28.With respect to other injunctive reliefs being sought against the Respondents the principles governing the grant of an interlocutory injunction as enunciated in Giella v Cassman Brown & Co Ltd [1973] EA 358 are settled. Similarly, as to what constitutes a prima facie case, this is settled too since the decision in Mrao v First American Bank of Kenya Ltd & 2 others CA No 39 of 2002; [2003] eKLR. Both decisions have been reaffirmed and applied by superior courts in countless subsequent decisions including the recent decisions cited in this case by the parties.
29.The Court of Appeal in Nguruman Limited v Jan Bonde Nielsen & 2 others [2014] eKLR restated the principles governing the grant of interlocutory injunctions enunciated in Giella’s case and observed that the role of the Judge dealing with an application for interlocutory injunction is merely to consider whether the application has been brought within the said principles. The court cautioned that such a court ought to exercise care not to determine with finality any issues arising. The court expressed itself as follows:...Since the fundamentals about the implications of the interlocutory orders of injunctions are settled, at least over four decades since Giella’s case, they could neither be questioned nor be elaborated in detailed research. Since those principles are already ....... by authoritative pronouncements in the precedents, they may be conveniently noted in brief as follows:In an interlocutory injunction application, the applicant has to satisfy the triple requirements to:a)establish his case only at a prima facie levelb)demonstrated irreparable injury if a temporary injunction is not granted.c)allay any doubts as to (b) by showing that the balance of convenience is in his favor.”
30.In addition, the court stated that the three conditions apply separately as distinct logical hurdles to be surmounted sequentially by the applicant. That is to say, that the applicant who establishes a prima facie case must further establish irreparable injury, being injury, for which damages recoverable could not be an adequate remedy and that where the court is in doubt as to the adequacy of damages in compensating such injury, the court will consider the balance of convenience. Finally, where no prima facie case is established, the court need not investigate the question of irreparable loss or balance of convenience.

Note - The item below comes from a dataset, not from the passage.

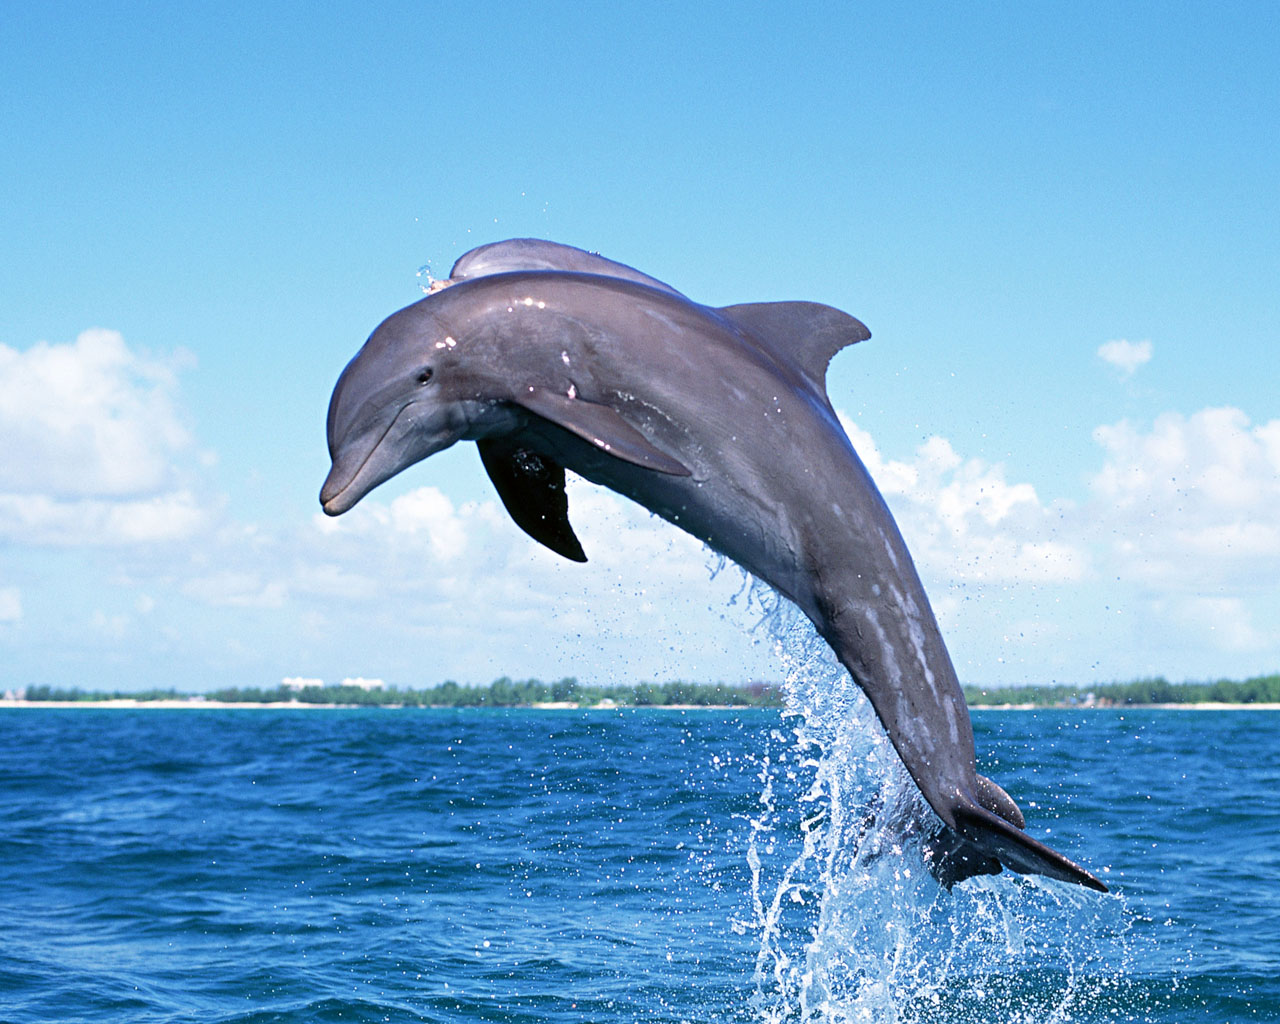 http://2.bp.blogspot.com/-DCARkjV1ktk/T8OaHdRoseI/AAAAAAAACu8/M4PnezLelps/s1600/Dolphin-Jumping.jpg

31.As to what constitutes a prima facie case, the Court of Appeal delivered itself as follows: -Recently, this court in Mrao Ltd v First American Bank of Kenya Ltd & 2 others [2003] KLR 125 fashioned a definition for “prima facie case” in civil cases in the following words:“In civil cases, a prima facie case is a case in which on the material presented to the court, a tribunal properly directing itself will conclude that there exists a right which has apparently been infringed by the opposite party to call for an explanation or rebuttal from the latter. A prima facie case is more than an arguable case. It is not sufficient to raise issues but the evidence must show an infringement of a right, and the probability of success of the applicant’s case upon trial. That is clearly a standard, which is higher than an arguable case.We adopt that definition save to add the following conditions by way of explaining it. The party on whom the burden of proving a prima facie case lies must show a clear and unmistakable right to be protected which is directly threatened by an act sought to be restrained. The invasion of the right has to be material and substantive and there must be an urgent necessity to prevent the irreparable damage that may result from the invasion. We reiterate that in considering whether or not a prima facie case has been established, the court does not hold a mini trial and must not examine the merits of the case closely. All that the court is to see is that on the face of it the person applying for an injunction has a right which has been or is threatened with violation. Positions of the parties are not to be proved in such a manner as to give a final decision in discharging a prima facie case. The applicant need not establish title, it is enough if he can show that he has a fair and bona fide question to raise as to the existence of the right which he alleges. The standard of proof of that prima facie case is on a balance or, as otherwise put, on a preponderance of probabilities. This means no more than that the court takes the view that on the face of it the applicant’s case is more likely than not to ultimately succeed." (Emphasis added)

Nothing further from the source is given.